Without them, even ordinary graph operations would degrade badly.

Rebuilt lazily

These are materializations rather than canonical state:

  • CSR and CSC matrices
  • adjacency matrices
  • backend graphs from G.nx/G.ig/G.gt lazy accessors
  • certain layer-specific matrix views

They are either cached behind version checks or rebuilt on demand.

This is why cache invalidation is part of the architecture rather than a separate optimization story.

Why _version exists

Mutations advance a version counter. Derived materializations use that counter to decide whether their cached state is still valid.

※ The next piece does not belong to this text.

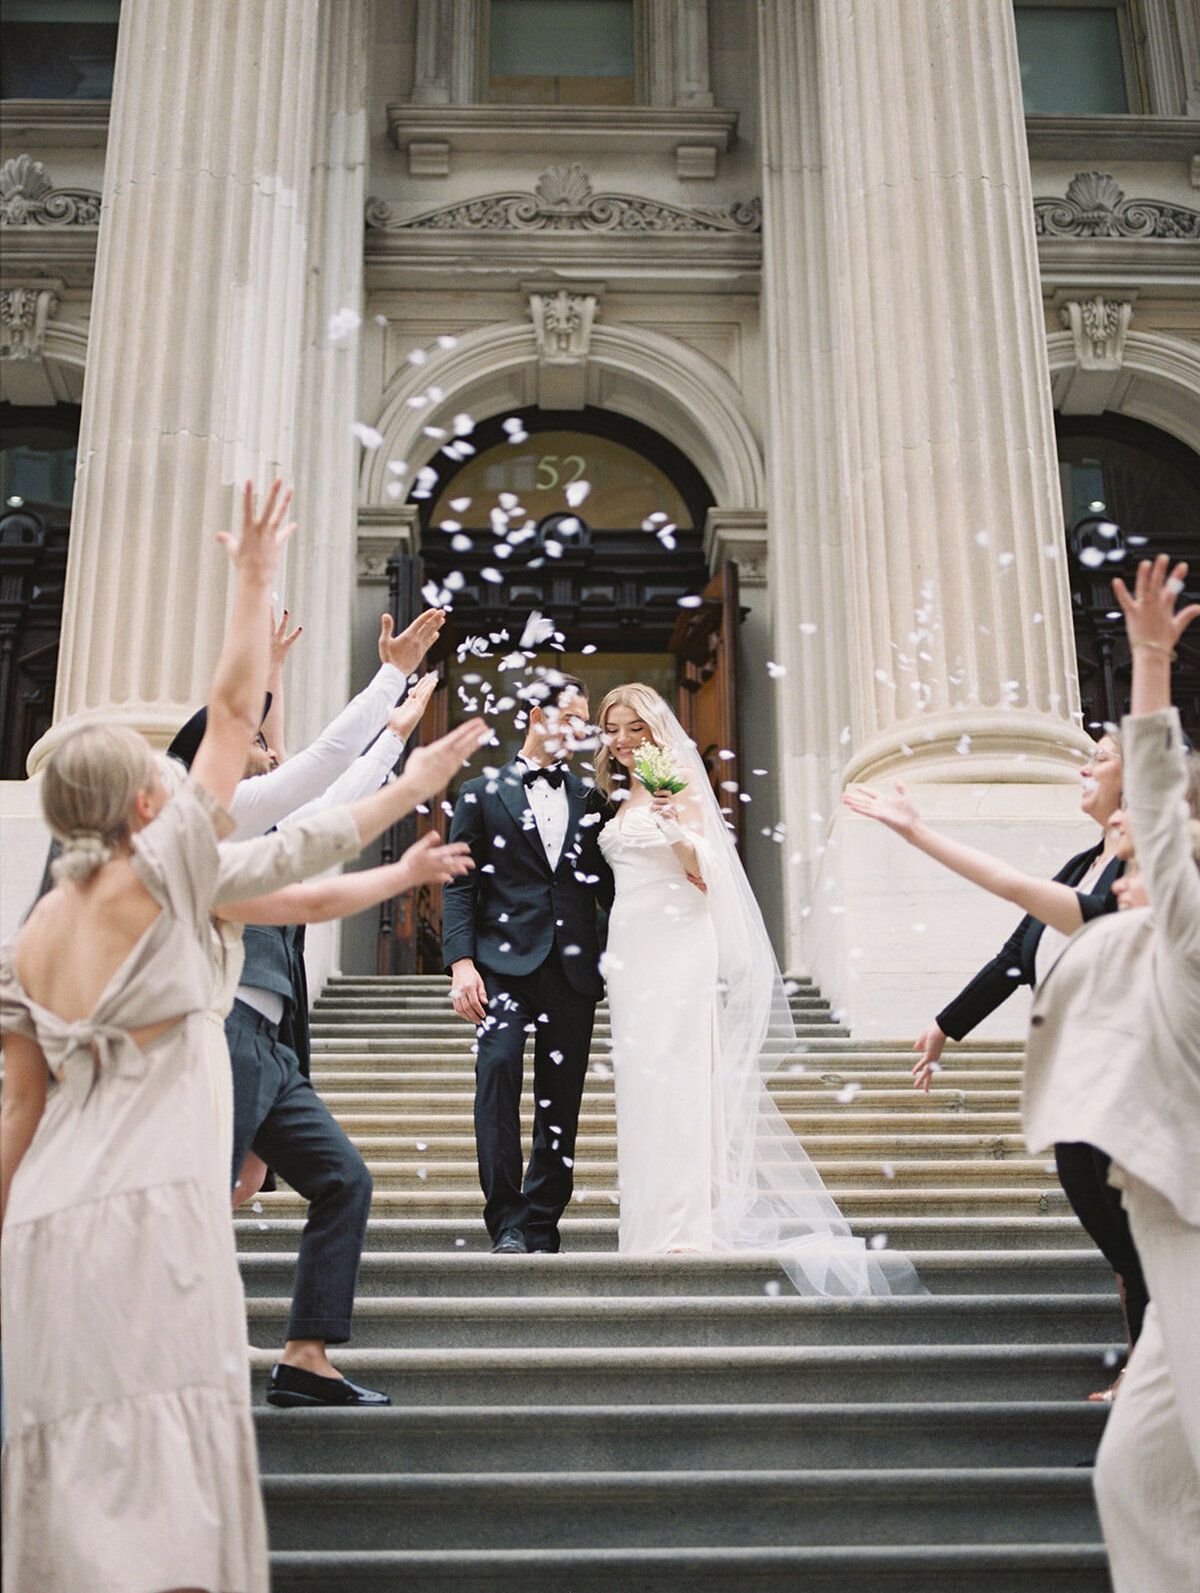 The Plaza Hotel - New York City - Elopement Wedding - Stephanie Michelle Photography - _stephaniemichellephotog - 39-R1-E006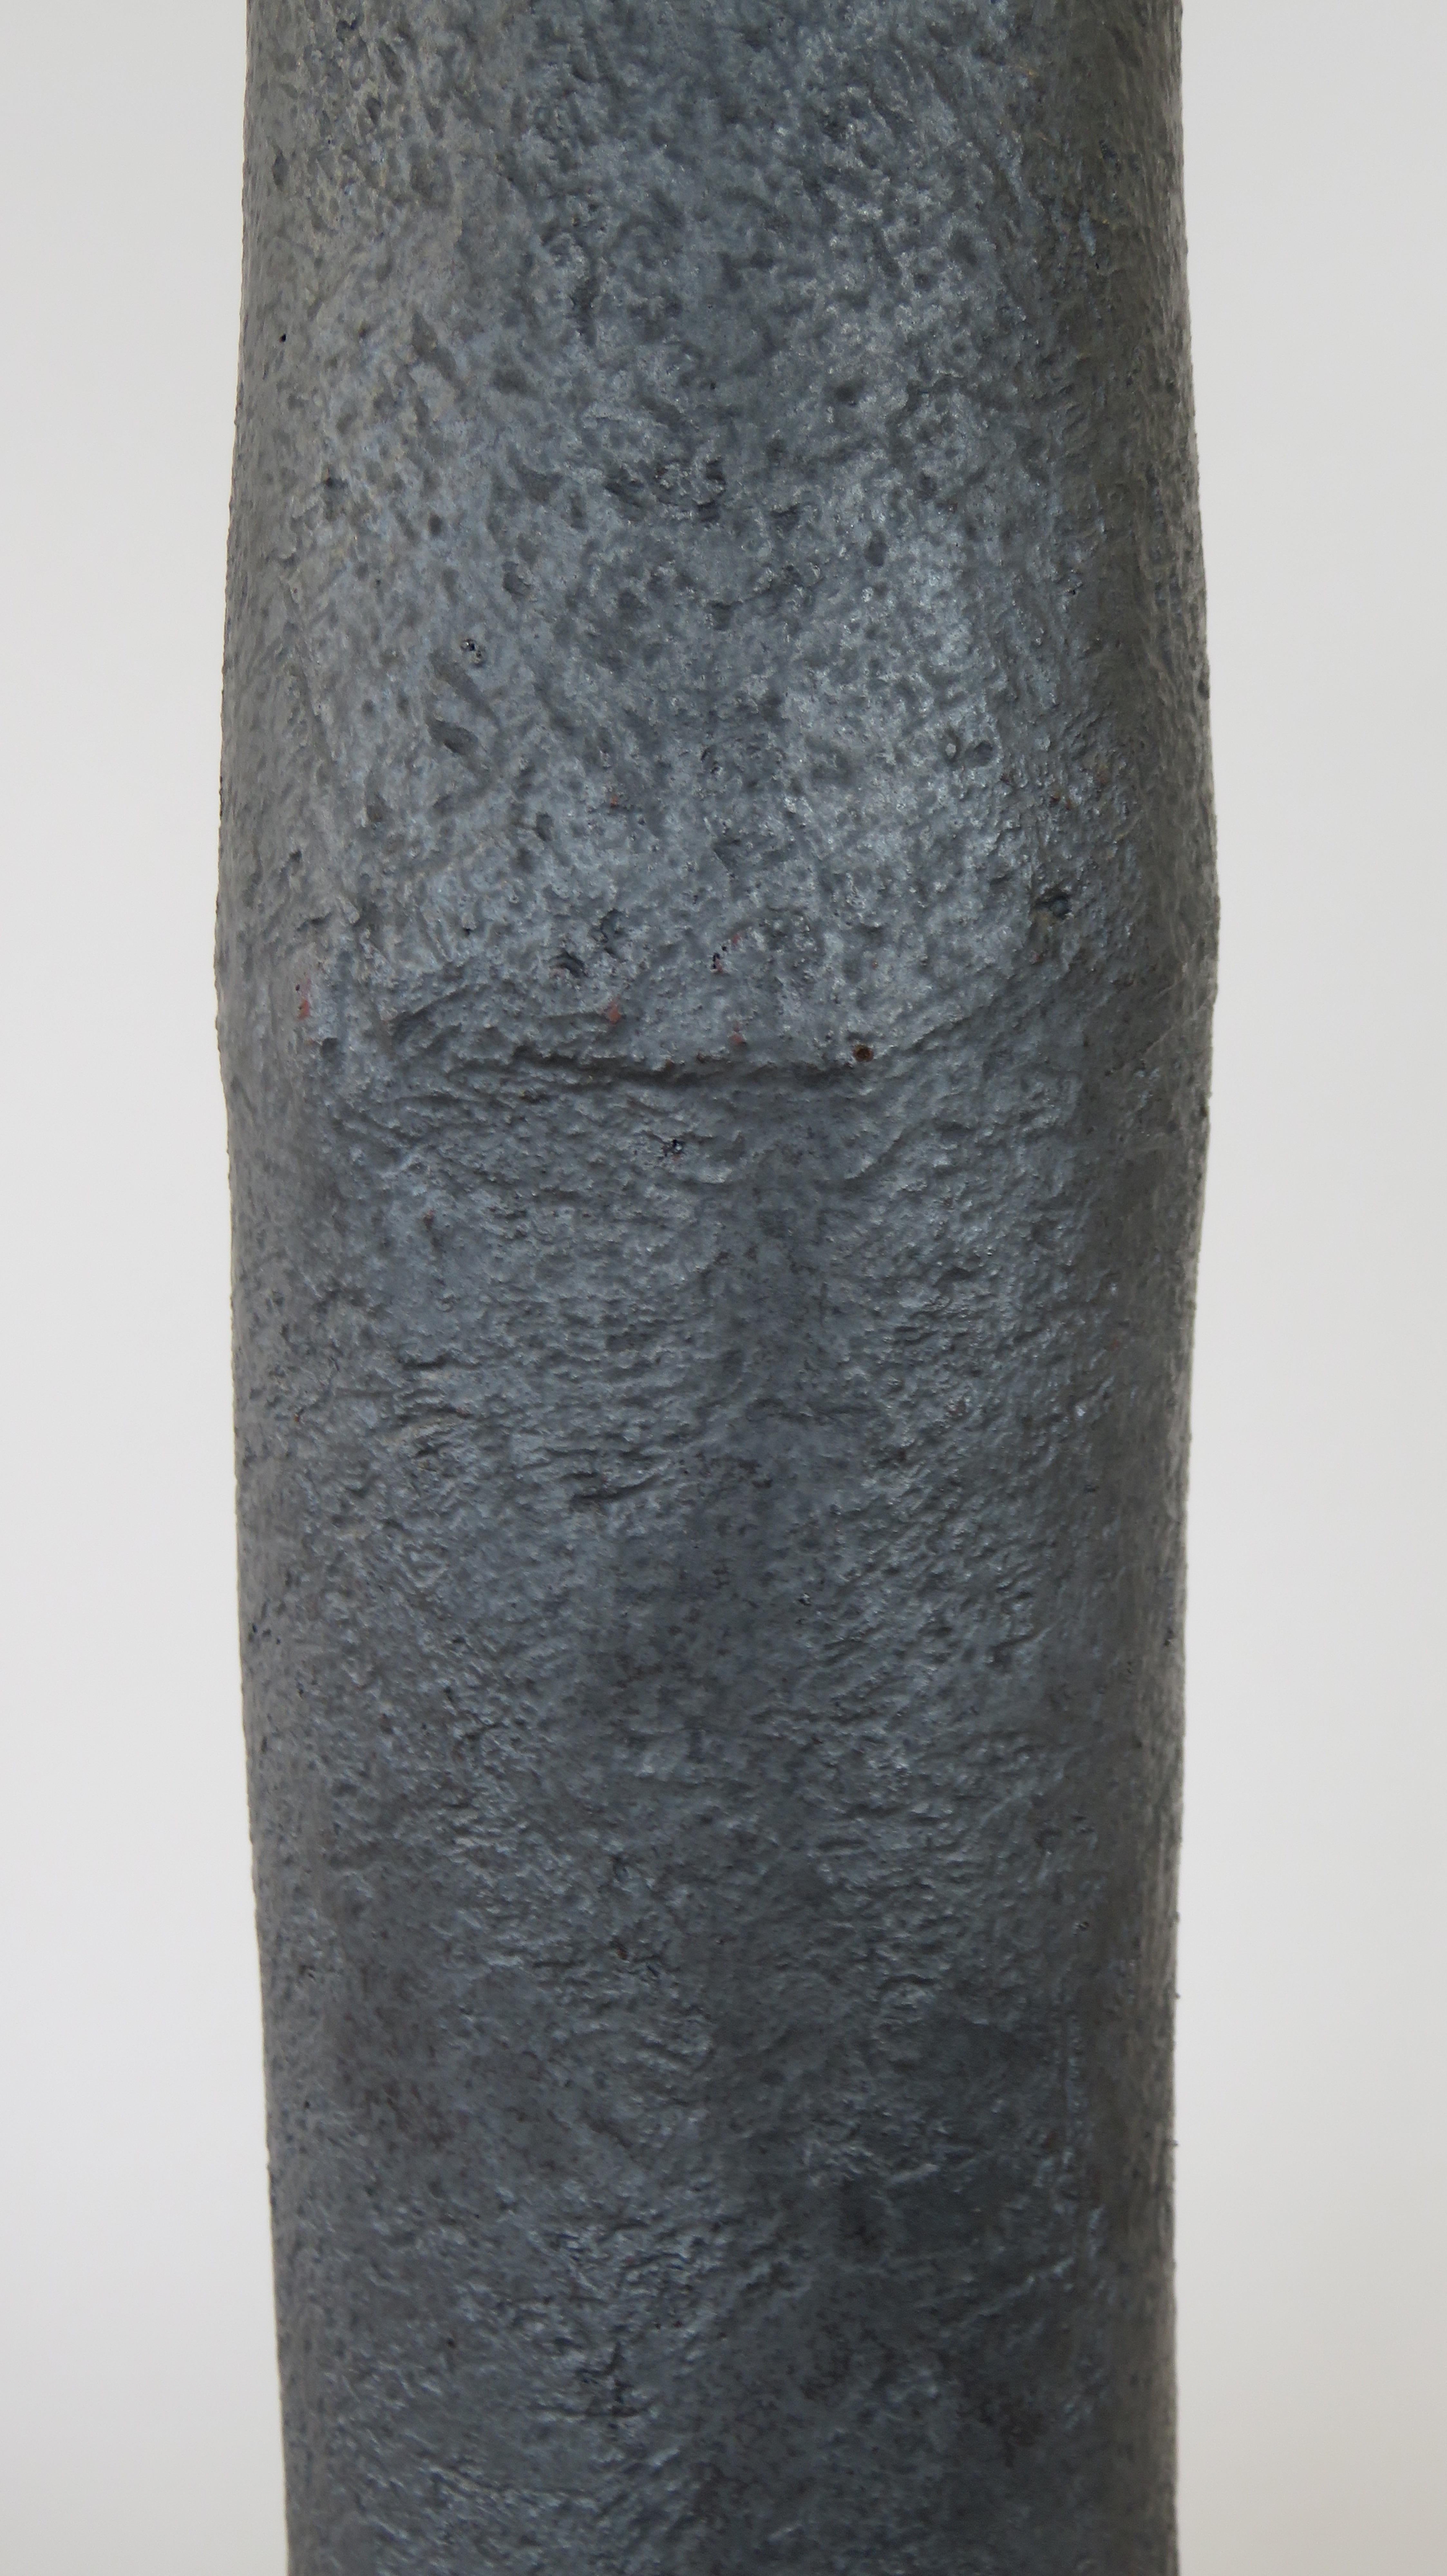 Tall, Tubular Metallic Black Ceramic Stoneware Vase, Hand Built 19 Inches Tall (Keramik)

This is a pragmatic choice.

It avoids trying to make every materialization update incrementally under every possible mutation path. Instead, AnnNet keeps the structural model coherent and lets derived caches rebuild when needed.

Slices are membership overlays

A slice is not a second graph. It is a named context over the same structure.

Mutation therefore has to answer two different questions:

  1. what changed structurally in the graph?
  2. in which slices should that structure be considered present?

This is why edge insertion includes propagation logic and why slices carry both vertex and edge memberships.

The structural edge is global. Slice membership is contextual.

Layering is a coordinate system, not a duplicated topology

Multilayer mutation works because the row identity already includes the layer coordinate.

That leads to a clean distinction:

  • adding presence changes which supra-node rows exist
  • adding edges changes which columns exist and which rows they touch

The package does keep some derived multilayer indices such as _VM, _nl_to_row, and _row_to_nl, but those are execution helpers over the same entity registry.

Placeholder mutation is deliberate

Placeholder coordinates are not a loose convention. They are a disciplined fallback.

When vertices are inserted without explicit layer placement in a layered graph, AnnNet:

  • assigns the placeholder coordinate
  • warns explicitly
  • keeps the row invariant intact

When aspects are declared over an existing flat graph, the same logic is used:

  • previous flat vertices are lifted into the placeholder coordinate
  • the graph becomes multilayer without inventing a second row semantics

This is a subtle but important design choice. It prevents the matrix from containing a mix of "real supra-node rows" and "global unresolved rows".

Views, subgraphs, and copies are deliberately different

AnnNet has several ways to work with a subset of the graph. They should not be confused.

Views

G.view(...) creates a lazy filtered lens over the same graph.

  • no structural copy
  • no new source of truth
  • filtering happens at access time

Subgraphs

subgraph(...), edge_subgraph(...), and related operations materialize a new graph object.

  • structure is copied
  • relevant attributes are copied
  • slice memberships may be restricted or rebuilt

Copy

copy() preserves the graph shape more faithfully than a subgraph operation. It is the right tool when you want another graph object with the same topology and metadata, not a filtered projection.

History records mutations, not abstract intent

History hooks wrap mutating methods and record:

  • operation name
  • version
  • timestamp
  • monotonic clock
  • captured arguments
  • result

This matters for interpretation.

The history system logs what the API call did, not a reconstructed semantic "meaning" of the mutation after the fact. That keeps the log simple, explicit, and serializable.